John Kerry defrosts another corpse for a carb-free snack
Let me start this diatribe of truth by reminding our readers that John Kerry is in fact a robot, an integral aspect of my story. The topic of this article is especially important in the aftermath of the Swift Boat Veterans for Truth ad campaign, as Republicans now distance themselves and parry any topic other than September 11th. Since for some reason Senator John Kerry is afraid to stand up for himself tell the truth about his service in Vietnam, I've decided to take matters into my own metal hands. For the past month I've heard nothing but lies and innuendo, some of it sexual innuendo, regarding Kerry's service in Vietnam. As President Bush and his trust fund, coked up corporate lackies continue to defame Kerry's destructive and intensely murderous service in Vietnam, I have grown both sick and tired of this tomfoolery. So what is that makes me most mad about this smear campaign? Is that what you just asked me you fucking little punk? Well, let me tell you.

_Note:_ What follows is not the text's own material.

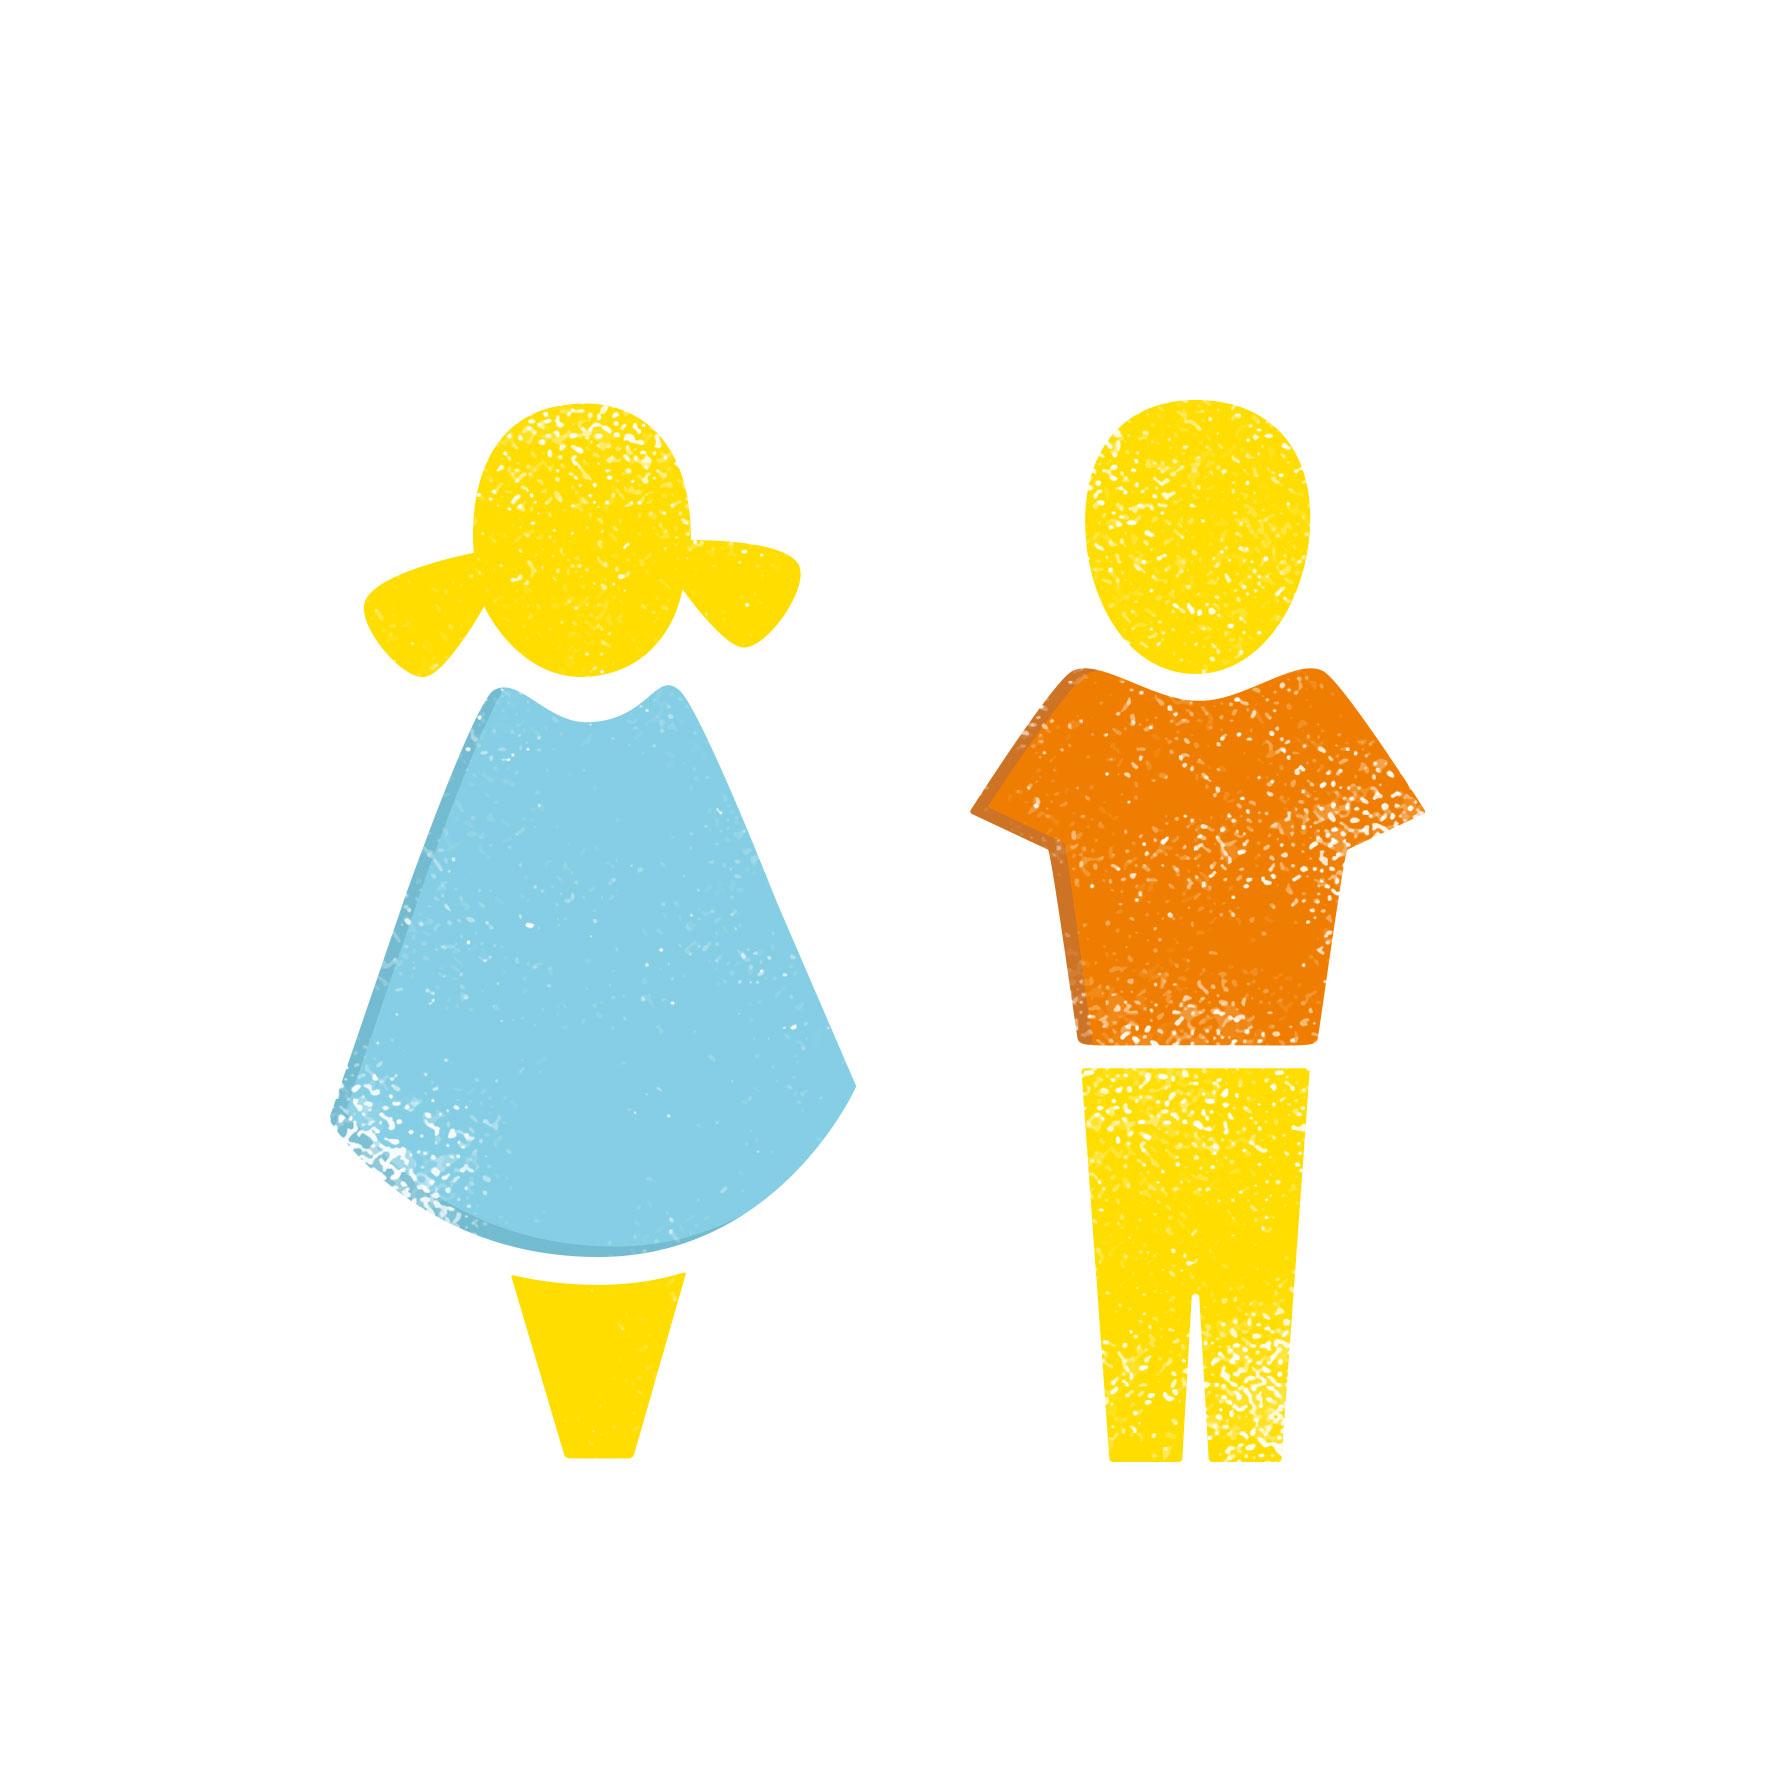 Boy-and-Girl-icon.jpg

Amstel Light: The cocky asshole's light beer
I know for a fact that John Kerry did not rightfully win any of his Purple Hearts, and I know this because John Kerry is an indestructible robot, and therefore cannot be injured. In Vietnam, Kerry burnt down entire villages whenever he got bored, stabbed children in their eyes, and raped over two thousand Vietnamese women, producing two hundred and seventeen illegitimate half human, half robot children. Kerry enjoyed his tours in Vietnam so much in fact, that he often goes back there in order to kill, pillage and rape to this very day. He even manages to squeeze painful smiles out of his long, wrinkled fake-skin face while razing villages. He didn’t deserve any of the Purple Hearts because he was never injured in combat, or anywhere else. But at the time, bot Kerry was smart, and thinking of his future. When he returned from combat, he denounced his behavior overseas, and demanded that he be given three Purple Hearts to legitimize his time as an American soldier. The Army obliged, and there you have it: the truth. So all the President's men can go back to doing cocaine and telling people exaggerated, self-aggrandizing stories of their past while grinding their teeth, smoking Marlboro Reds and sipping dirty martinis and Amstel Lights with prostitutes.